_Problem requirements_. Beginning at the line that contains "Visible pontil, Legras'", transcribe every line up to the last one in the material below. Include no other lines.

_Input data_.
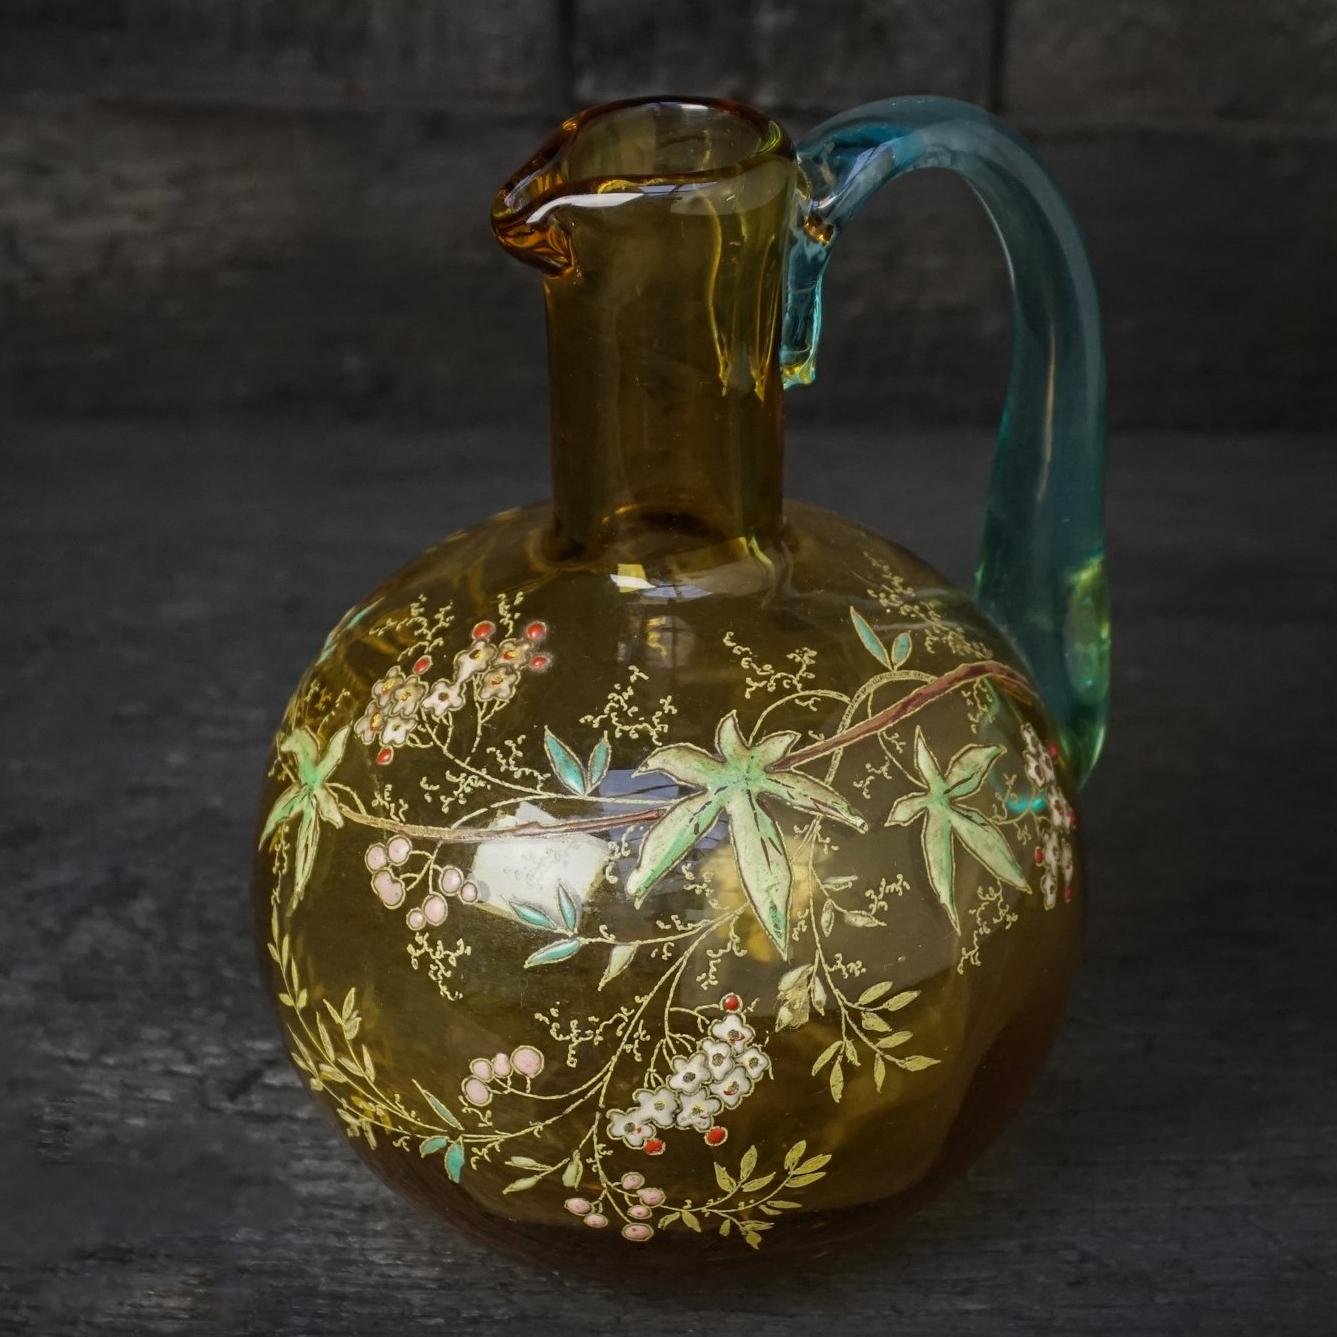 Sweet little handblown carafe or decanter in amber glass with a very detailed enamel decor of flower, berries and leaves. It has a blue handle.

Visible pontil, Legras' initial and number '44' on the bottom.
(A pontil is the scar where the

_Written solution_.
Visible pontil, Legras' initial and number '44' on the bottom.
(A pontil is the scar where the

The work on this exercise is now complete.